Census area in Alaska, United States

Nome Census Area is a census area located in the U.S. state of Alaska, mostly overlapping with the Seward Peninsula. As of the 2020 census, the population was 10,046, up from 9,492 in 2010. It is part of the unorganized borough and therefore has no borough seat. Its largest community by far is the city of Nome.

==Geography==
According to the United States Census Bureau, the census area has a total area of 28278 sqmi, of which 22962 sqmi is land and 5316 sqmi (18.8%) is water. It also includes the large offshore St. Lawrence Island, which has about 14 percent of the census area's population and two of its larger cities in Gambell and Savoonga. Nome Census
Area is the 7th largest county-equivalent in the state of Alaska.

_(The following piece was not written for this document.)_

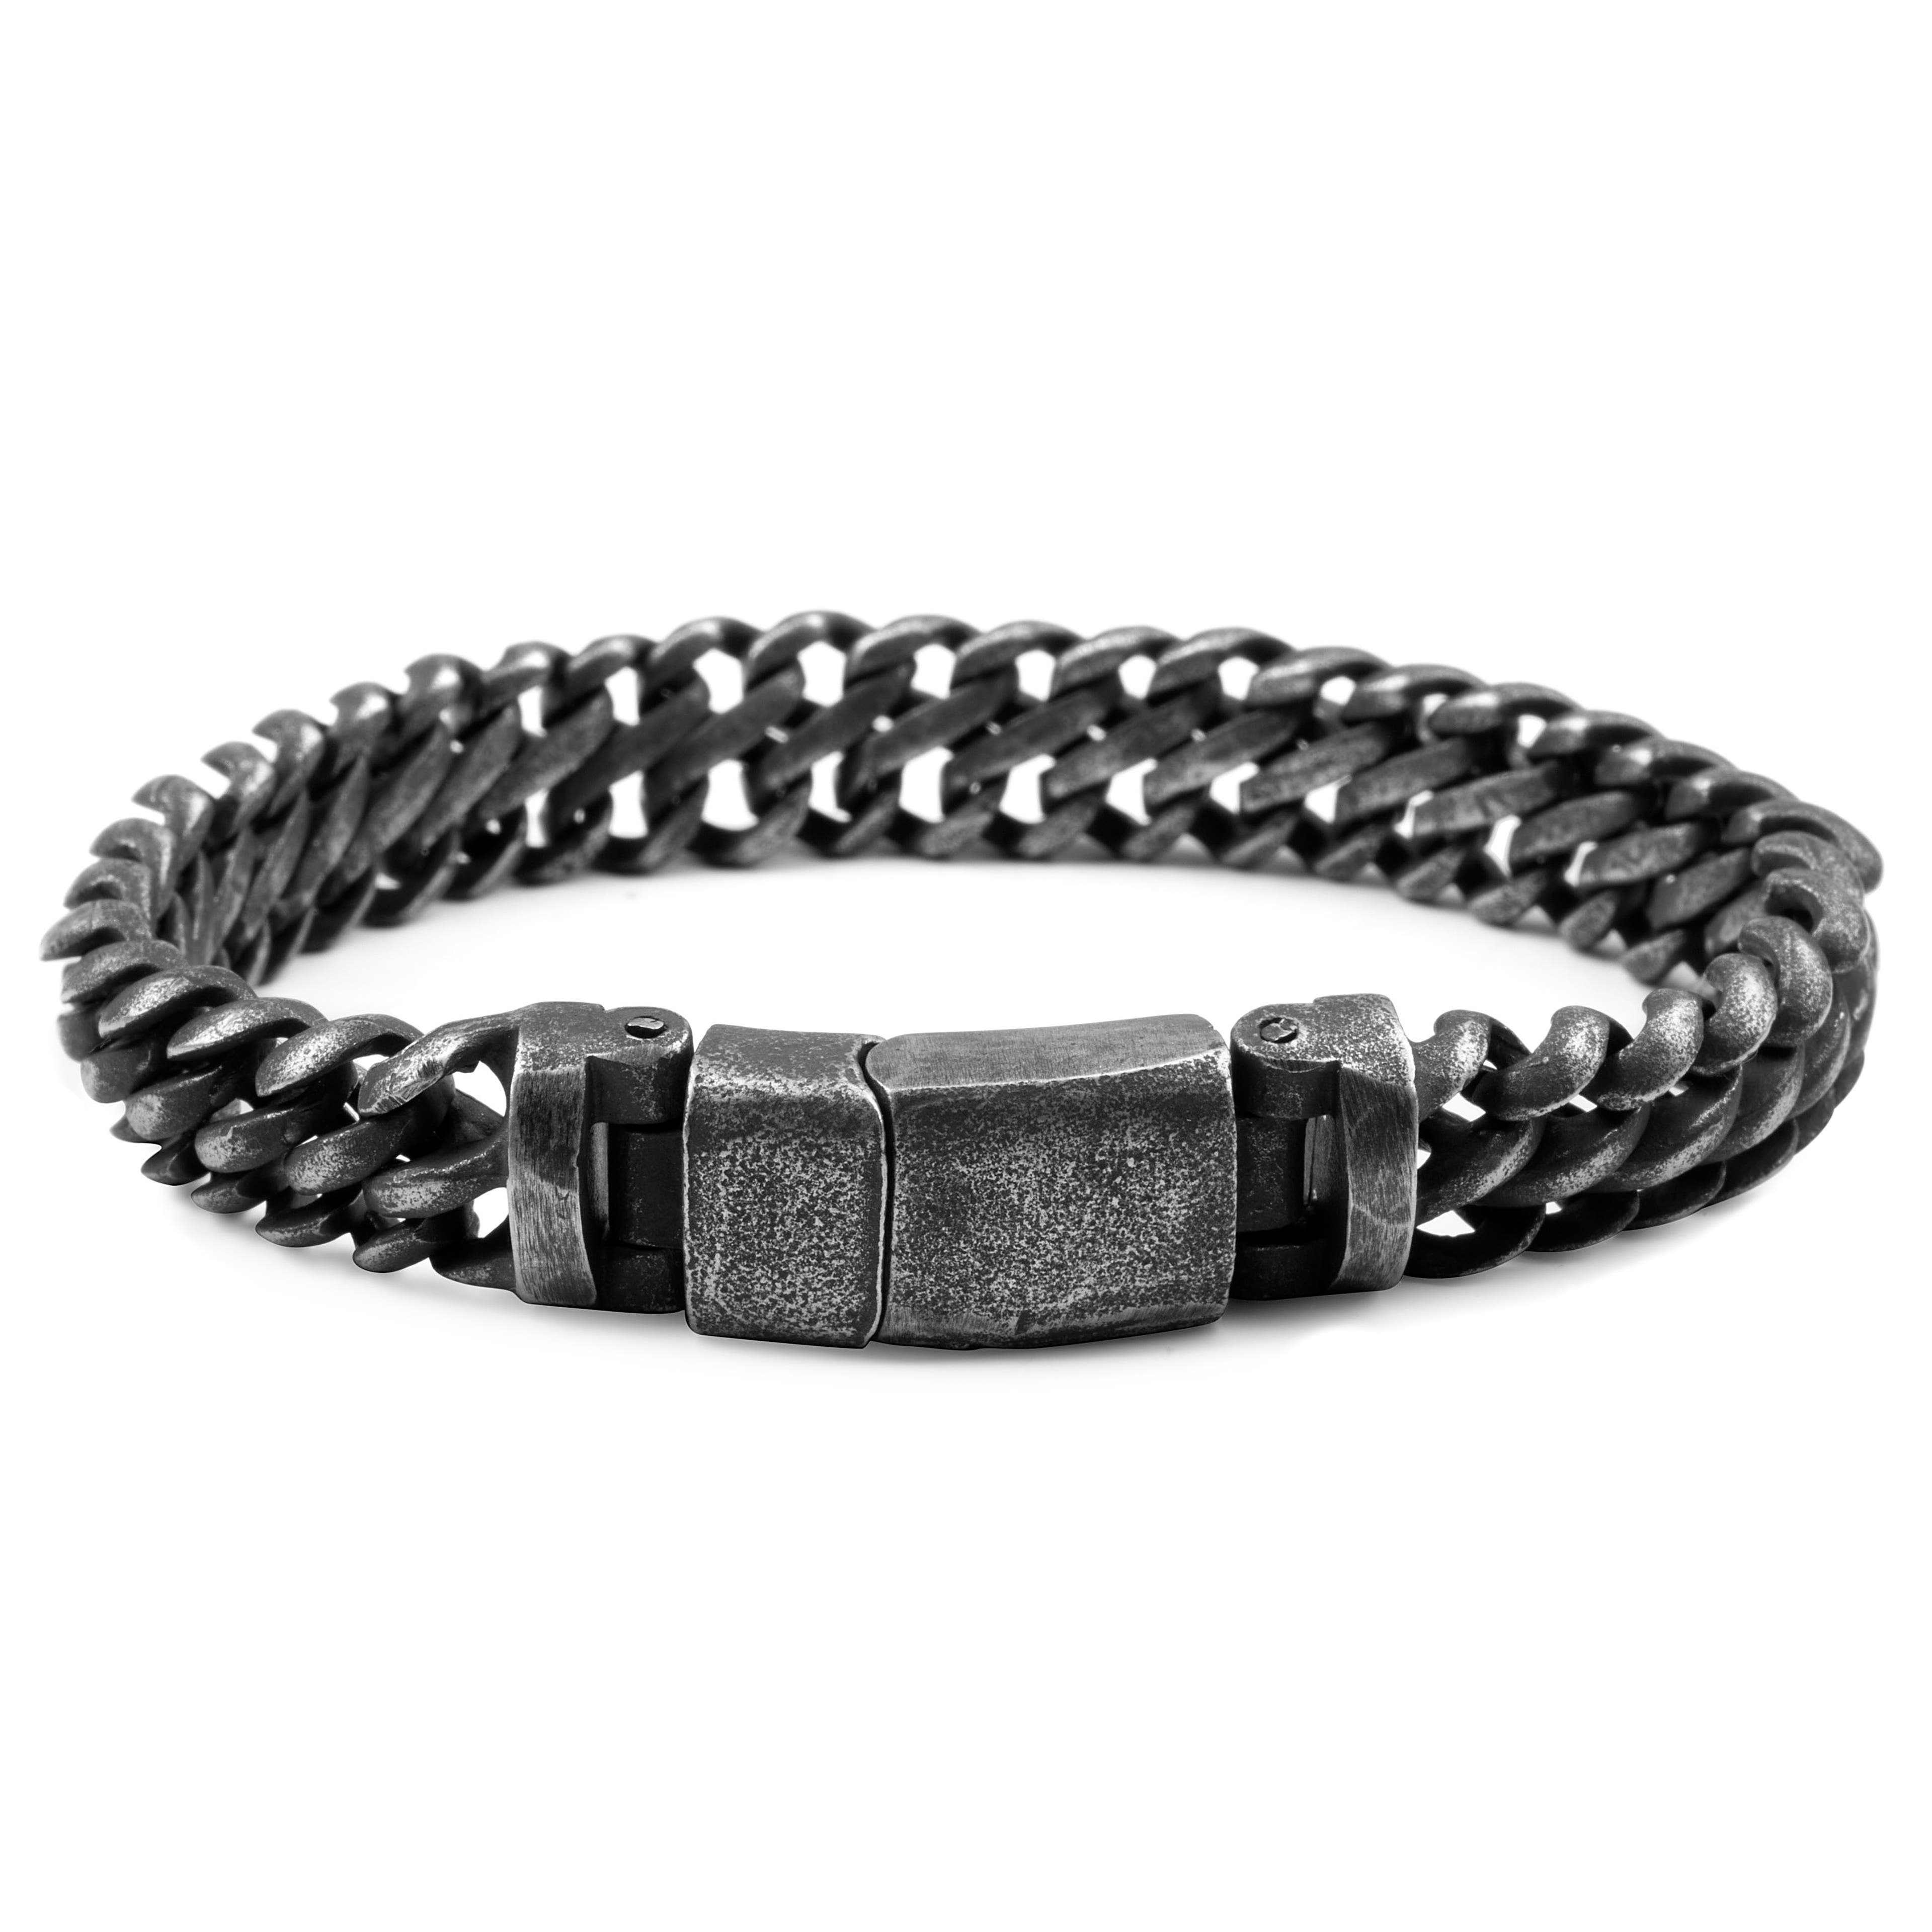 Rustic Stainless Steel Double Curb Chain Bracelet

===Adjacent boroughs and census areas===
- Northwest Arctic Borough, Alaska - north
- Yukon–Koyukuk Census Area, Alaska - east
- Kusilvak Census Area, Alaska - south
- Chukotsky District, Chukotka Autonomous Okrug - west

===National protected areas===
- Alaska Maritime National Wildlife Refuge (part of the Bering Sea unit)
  - Besboro Island
  - King Island
  - Sledge Island
- Bering Land Bridge National Preserve (part)
- Yukon Delta National Wildlife Refuge (part)
  - Andreafsky Wilderness (part)

==Demographics==

Historical population
| Census | Pop. | Note | %± |
| 1960 | 6,091 |  | — |
| 1970 | 5,749 |  | −5.6% |
| 1980 | 6,537 |  | 13.7% |
| 1990 | 8,288 |  | 26.8% |
| 2000 | 9,196 |  | 11.0% |
| 2010 | 9,492 |  | 3.2% |
| 2020 | 10,046 |  | 5.8% |
| 2025 (est.) | 9,830 | Decrease | −2.2% |
U.S. Decennial Census 1790-1960 1900-1990 1990-2000 2010-2020

===2020 census===

As of the 2020 census, the county had a population of 10,046 and a median age of 29.8 years. 32.8% of residents were under the age of 18 and 8.4% of residents were 65 years of age or older.

For every 100 females there were 111.1 males, and for every 100 females age 18 and over there were 115.1 males age 18 and over.

The racial makeup of the county was 14.2% White, 0.5% Black or African American, 75.2% American Indian and Alaska Native, 1.1% Asian, 0.0% Native Hawaiian and Pacific Islander, 0.6% from some other race, and 8.4% from two or more races. Hispanic or Latino residents of any race comprised 1.9% of the population.

0.0% of residents lived in urban areas, while 100.0% lived in rural areas.

There were 3,030 households in the county, of which 46.1% had children under the age of 18 living with them and 25.0% had a female householder with no spouse or partner present. About 24.3% of all households were made up of individuals and 6.0% had someone living alone who was 65 years of age or older.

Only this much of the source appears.